━━━ Data provided
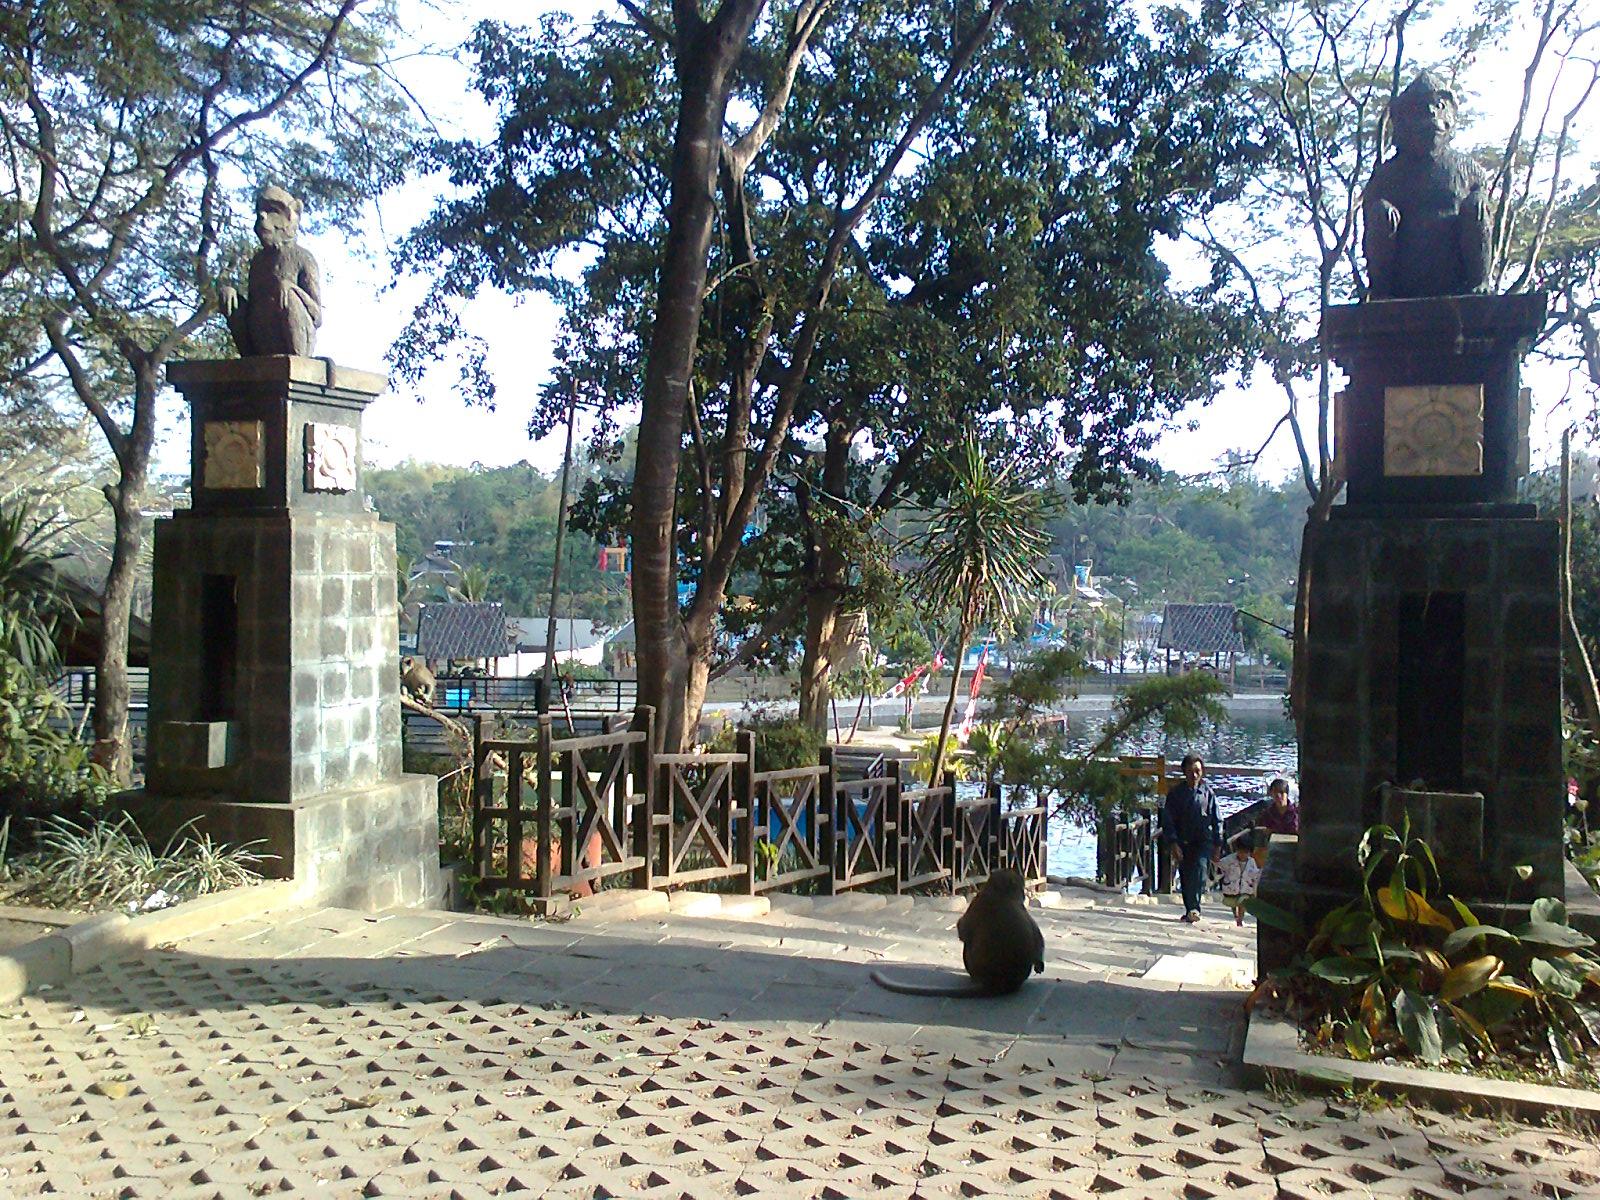 Lokasi Taman Wisata Air Wendit Malang Jawa Timur Tempat Kota
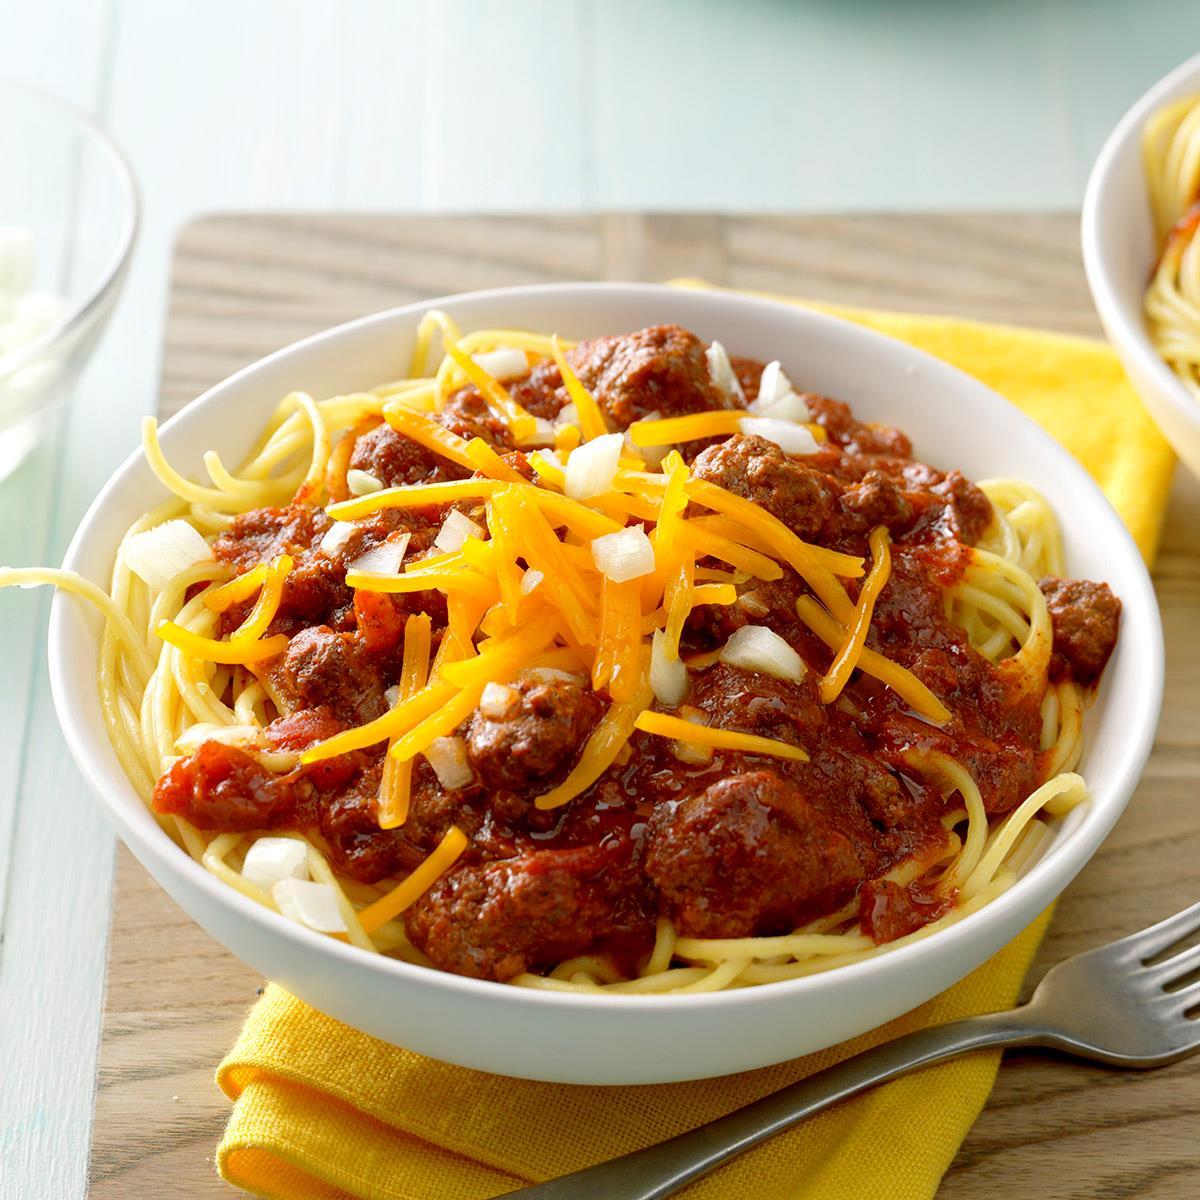 Carrie S Cincinnati Chili Recipe How To Make It Taste Of Home
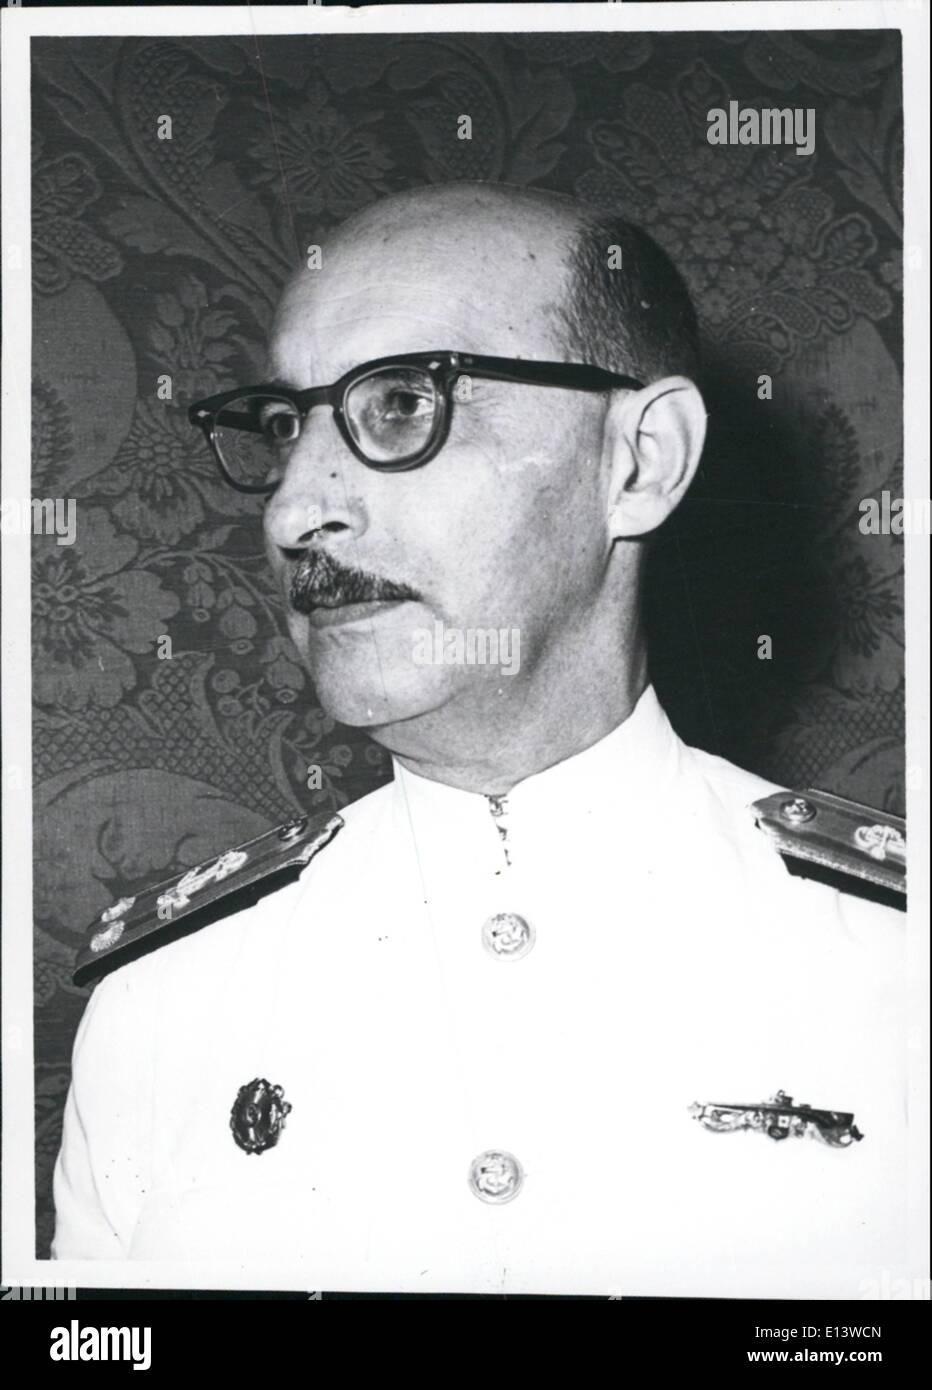 Mar. 27, 2012 - Vivienda C. Al. AP Luis E. Vargas Caballero. - Stock Image
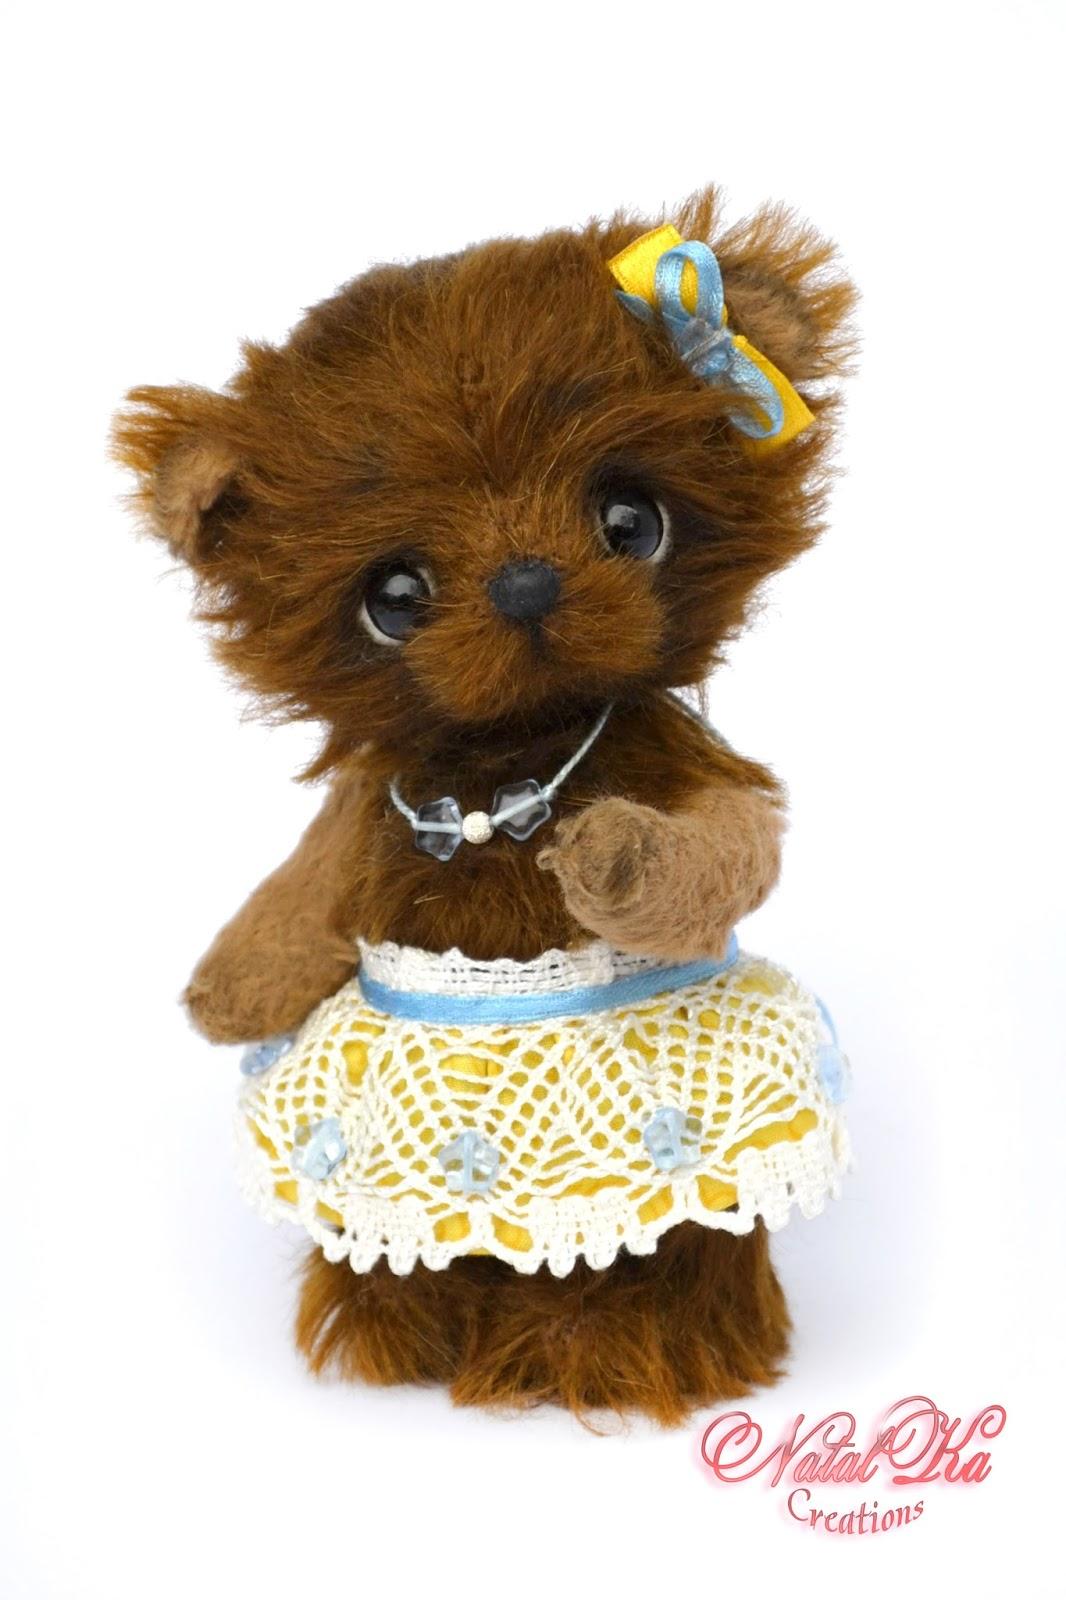 Artist teddy bear, artist bear jointed, teddy bear handmade, ooak, Künstlerteddy, Künstlerbär, Teddybär, Teddy, Bär, авторский мишка тедди, медведь тедди, медвежонок тедди, ручная работа от NatalKa Creations
━━━━━━
To do:
Would you please output the listing above exactly, leaving out the pictures?

Answer to this exercise:
 Lokasi Taman Wisata Air Wendit Malang Jawa Timur Tempat Kota
 Carrie S Cincinnati Chili Recipe How To Make It Taste Of Home
 Mar. 27, 2012 - Vivienda C. Al. AP Luis E. Vargas Caballero. - Stock Image
 Artist teddy bear, artist bear jointed, teddy bear handmade, ooak, Künstlerteddy, Künstlerbär, Teddybär, Teddy, Bär, авторский мишка тедди, медведь тедди, медвежонок тедди, ручная работа от NatalKa Creations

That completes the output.